【応急手当てのシン・常識】鼻血が出たら「ティッシュを詰めて上を向く」は間違いだった!正しい手当てとは?
やけどとは医療用語では熱傷と言われ、高温の熱源に接触することで起こるやけどや、ホットカーペット、電気カイロなど低温の熱に長時間接触することで起こる低温やけどなどがあります。肌が赤くなってヒリヒリしたり、皮がむけたりする日焼けもやけどの一種です。

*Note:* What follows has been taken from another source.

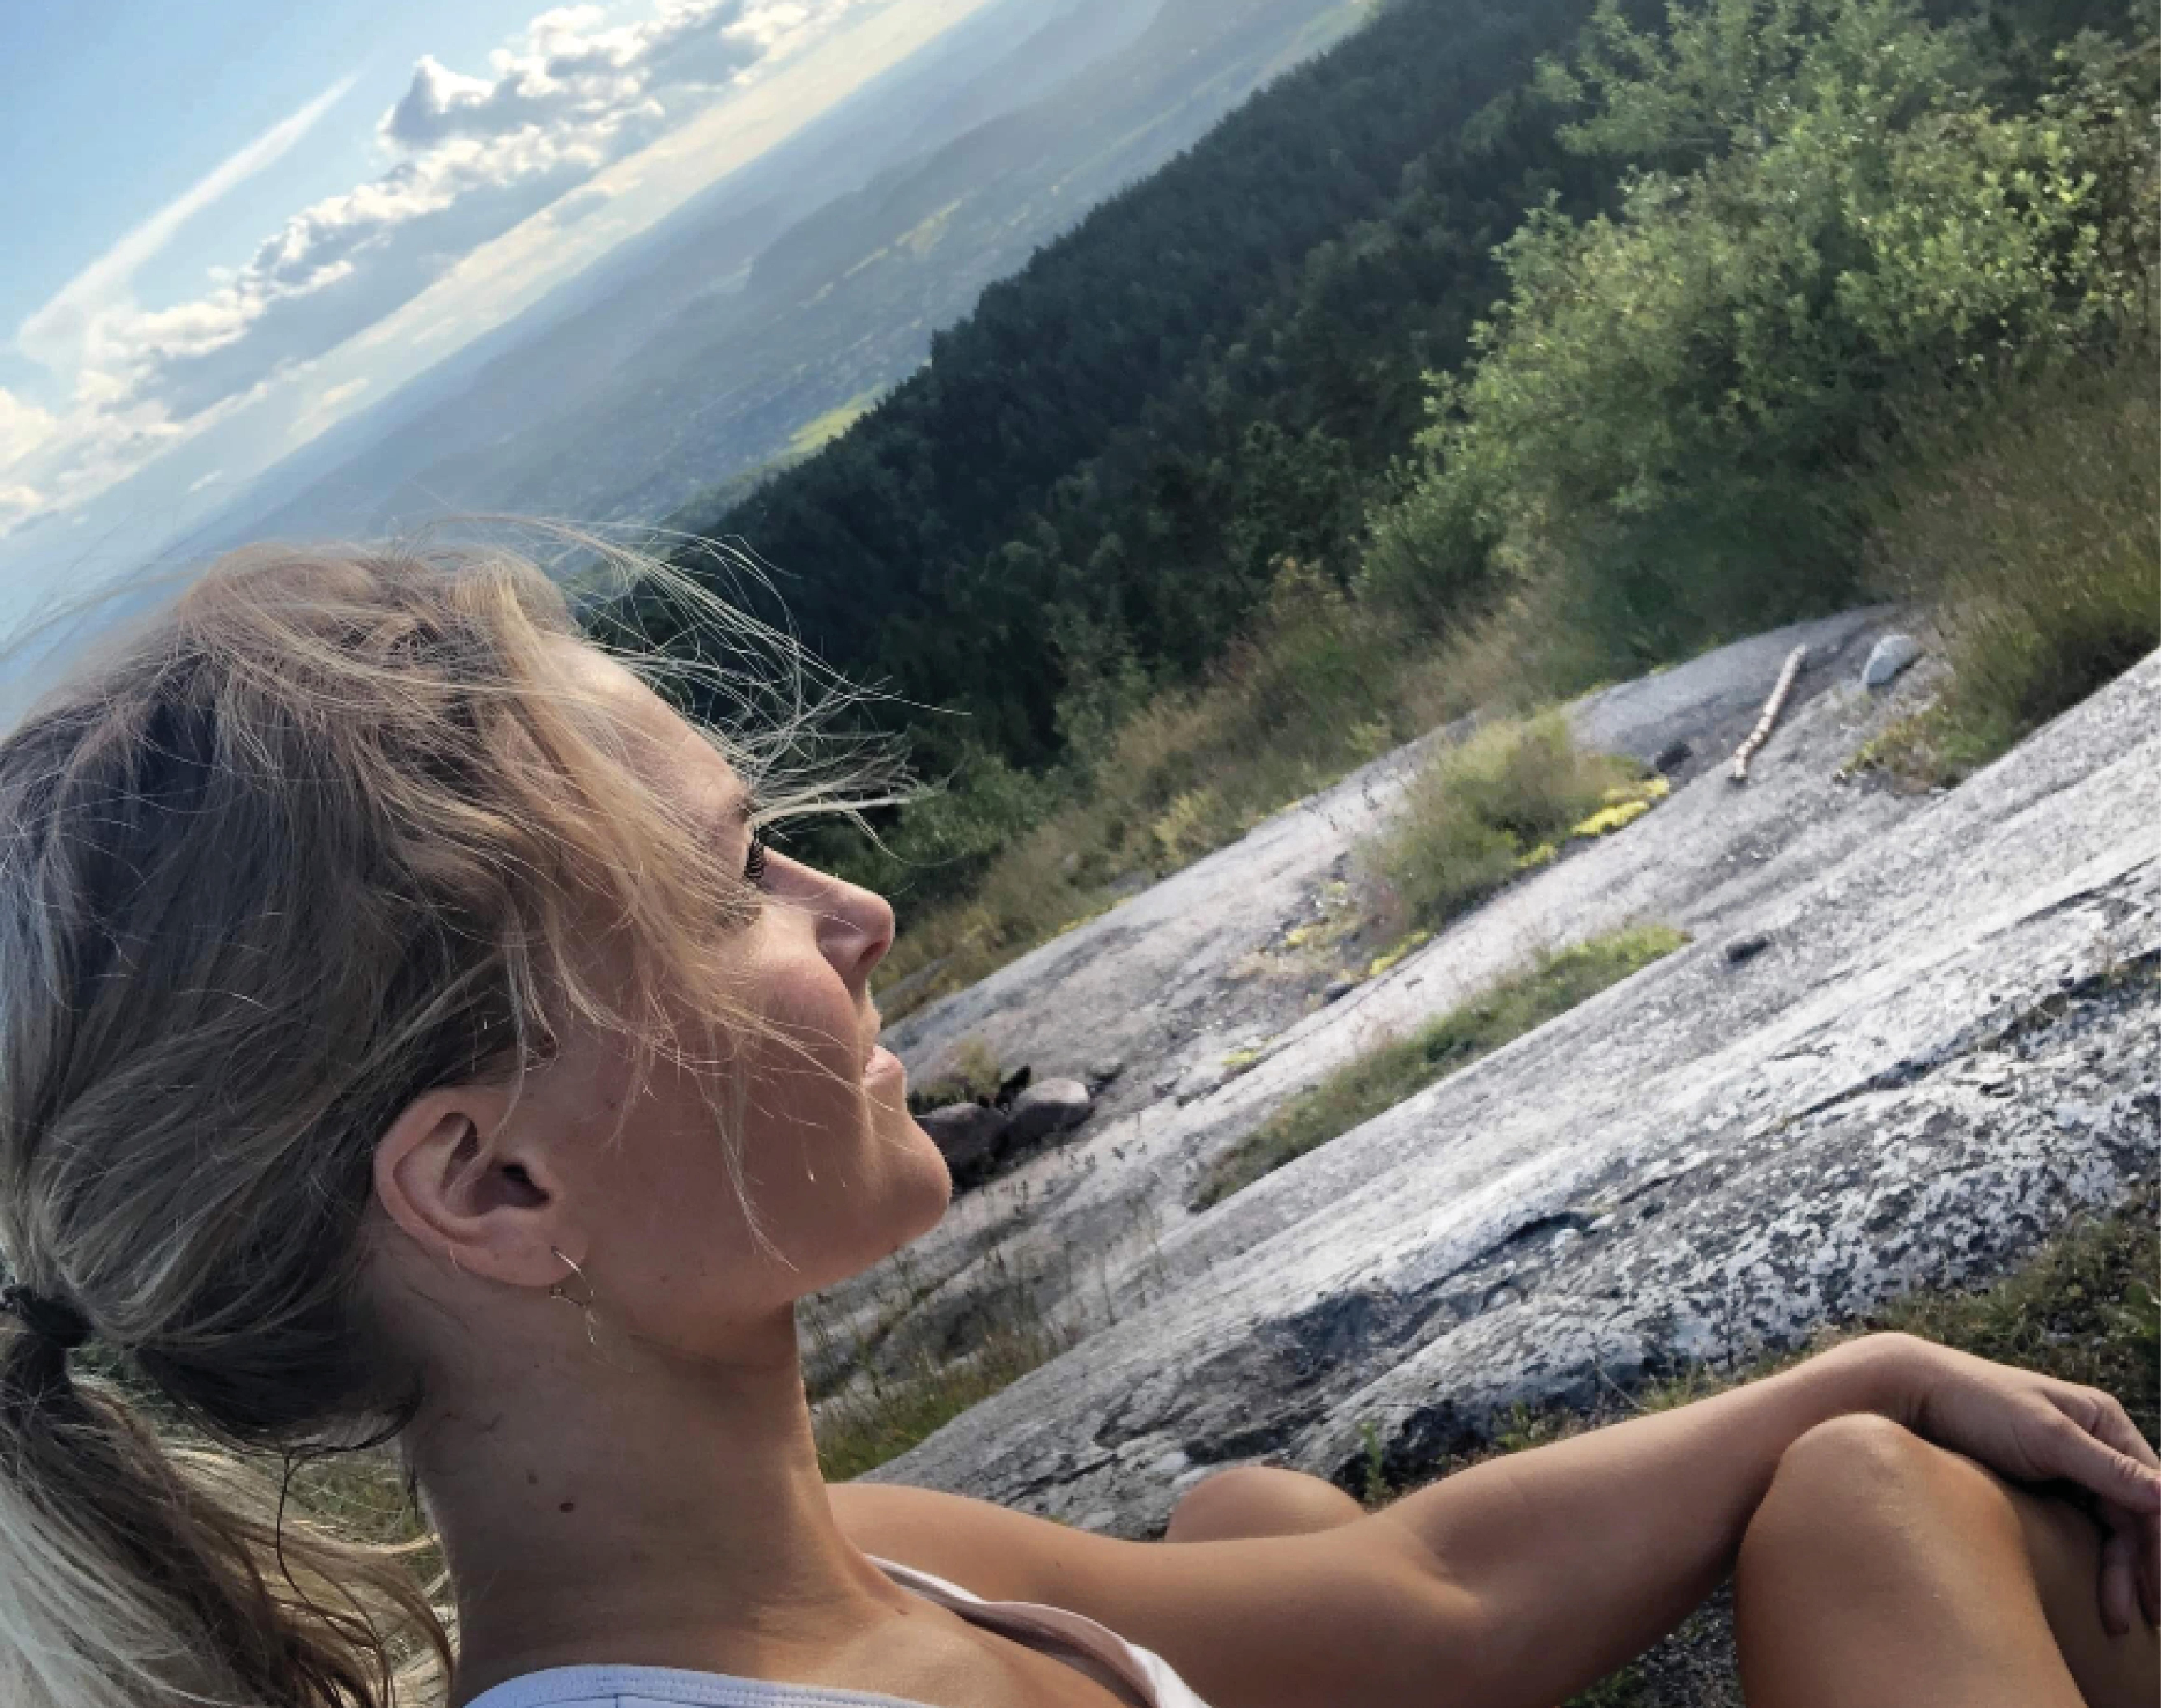 Women enjoying the view on a mountain top after running

やけどはわたしたちにとってはとても身近なケガ(外傷)の一つなんです。
やけどの深さによる重症度分類とそれぞれの症状
皮膚の一番外側には表皮があり、その下に真皮、皮下組織があって、やけどの深達度によって重症度が分類されています。

皮膚の構造
熱傷Ⅰ度
表皮までの損傷で、赤みやヒリヒリ感、熱感を生じます。
日焼けは熱傷Ⅰ度に分類されます。
熱傷Ⅱ度
・浅達性Ⅱ度
表皮の下にある真皮の浅い部分(真皮上層)までの損傷で、発赤・腫れ・痛み・水ぶくれを生じます。
・深達性Ⅱ度
真皮の下にある皮下組織のすぐ上(真皮深層)まで損傷が及び、発赤・白濁色の水ぶくれを生じますが、痛みは感じにくいです。
熱傷Ⅲ度
皮膚の最下層である皮下組織にまで損傷が及び、血管や神経まで損傷するので痛みは感じません。

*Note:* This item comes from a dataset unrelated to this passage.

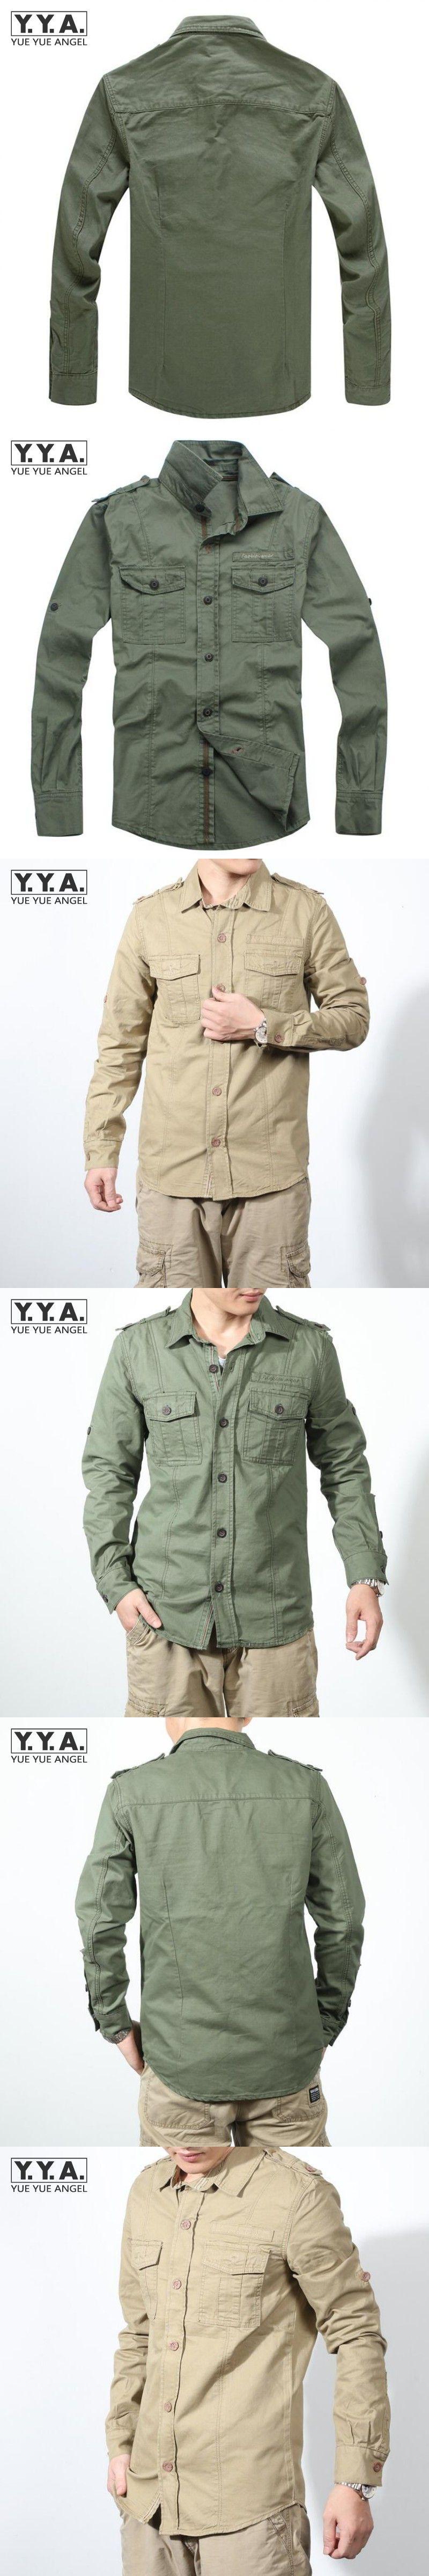 6aa7fa2cba Casual Slim Fit Men s Cotton Khaki Cargo Shirts Jean Military Style Long  Sleeve Shirt Multi-

表面は白っぽくなり、ときには黒く焦げてしまっていることもあります。
治癒には1~3か月かかり、手術が必要となることも多いです。
深達性Ⅱ度~Ⅲ度は特に重症ですが、やけどの深さだけでなく、受傷した範囲や年齢によって総合的に重症度が判断されます。

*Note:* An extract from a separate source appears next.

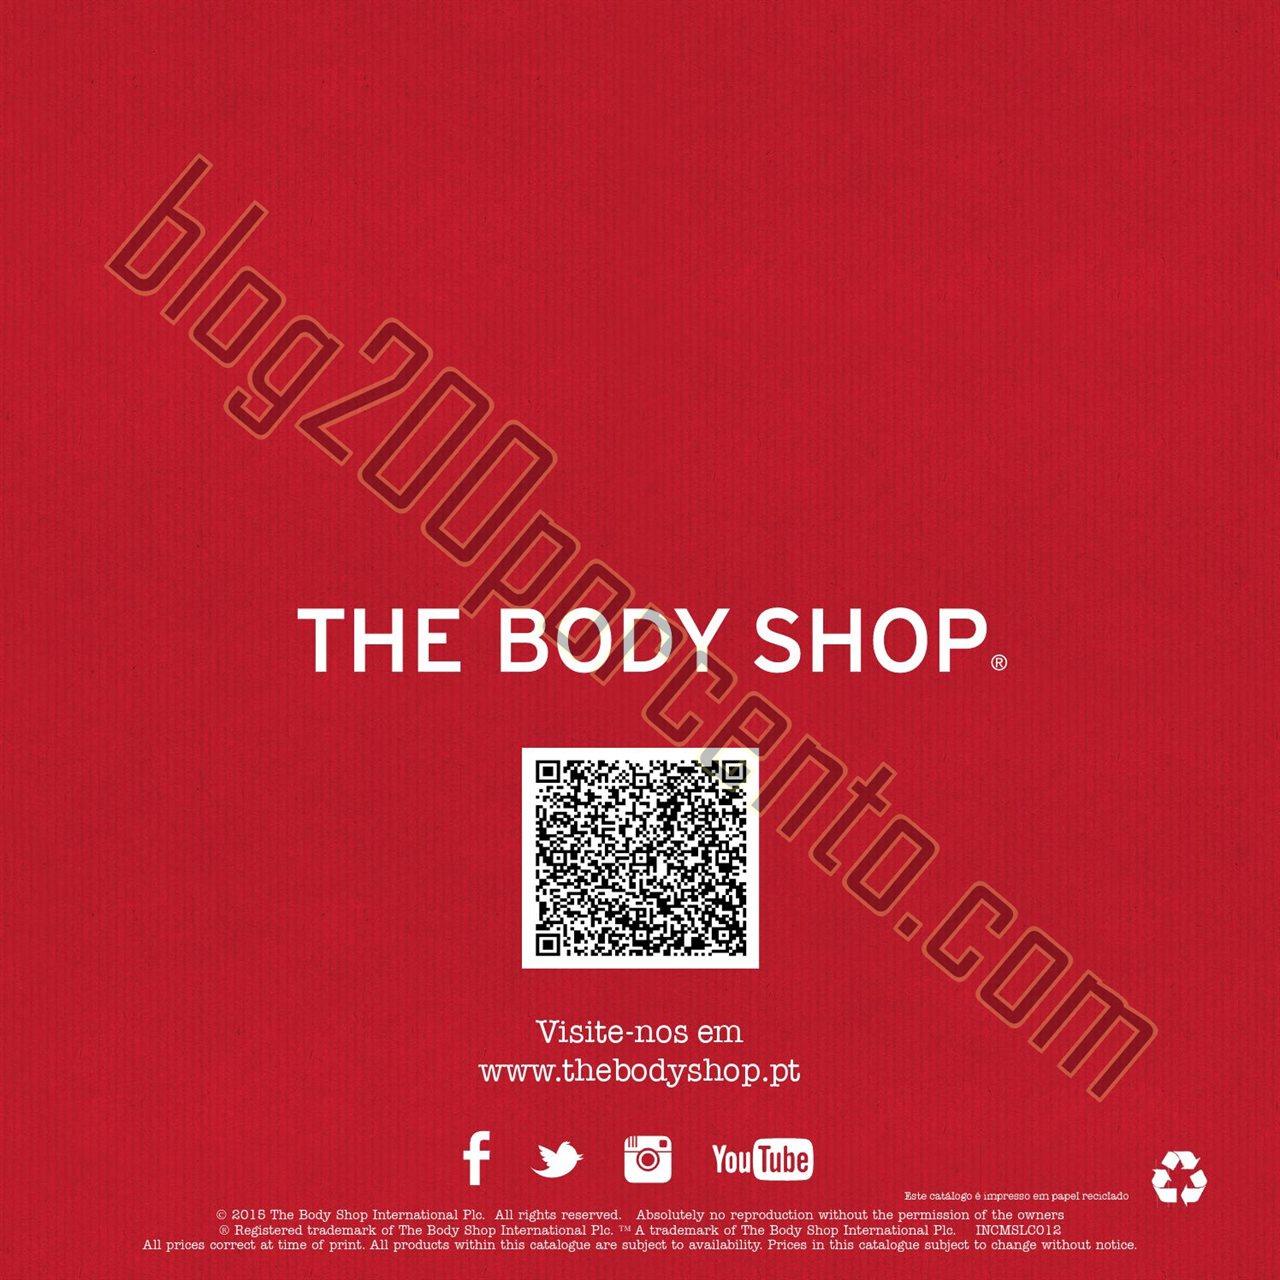 Novo Folheto THE BODY SHOP Natal 2015 p24.jpg

【応急処置の新常識】やけどの患部にアロエを塗るはNG!
アロエはやけどの炎症を抑えると言われ、昔から民間療法として広く行われてきました。
わたしも子どもの頃、やけどをしたら祖母に庭に生えているアロエを塗ってもらった記憶があります。と・こ・ろ・が!この方法は間違いだったんです~!
なぜかというと…
やけどをした皮膚はバリア機能が低下してるので、アロエの葉についた雑菌が患部に触れることで感染を起こしやすくなります。
また、アロエに含まれるシュウ酸カルシウムという針のように尖った結晶成分が炎症を悪化させてしまうんです。
ではやけどをしたらまずどのように対処するのが正解なのでしょうか。
やけどの正しい応急手当て
やけどをした際は、ただちに流水で冷やすことが大切です。
冷やすことで、やけどの進行を防ぎ痛みを緩和することができるので、流水で15~30分程度冷やし続けてください。
指先や足などのやけどで痛みが強い場合は1時間程度冷やしましょう。

アイスノンや保冷剤で冷やすときは、凍傷を防ぐためタオルなどの布で包んで使用してください。
応急処置の注意点
1.衣服を着たままやけどをした場合は、衣服を脱ごうとした時に損傷を大きくしてしまう恐れがあるため、衣服の上から流水で冷やしてください。
2.やけどをした部分が腫れてきて指輪や時計などは外しにくくなることがあるので、早めに取り外しておくと良いでしょう。
3.患部が広範囲に及ぶ場合はシャワーで冷やすとよいですが、長時間体を冷やすと低体温につながるので注意が必要です。
なるべく早く病院を受診するか、救急車を呼びましょう。
水ぶくれができてしまったら…

水ぶくれができた時に潰してしまうのもNGです。
やけどでできた水ぶくれの中には傷を修復してくれる成分が含まれています。
水ぶくれを潰してしまうと細菌感染を起こしやすくなるので、できるだけ破かないようにしてくださいね。
病院受診について
熱傷Ⅱ度~熱傷Ⅲ度や、痛みが改善しない場合、熱傷の範囲が広い場合などは、早めに医療機関を受診してください。
とくに熱傷Ⅲ度や広範囲熱傷の場合は、診療時間外でも直ちに受診するか、救急車を呼びましょう。
一般的な初期治療としては、症状の進行を防ぎ感染を起こさないようにするために、皮膚を乾燥から防ぐための軟膏や創傷被覆材の使用や、抗生物質の投与などが行われます。
ご自身で応急手当てを行った後は、病院で適切な治療を受けましょう。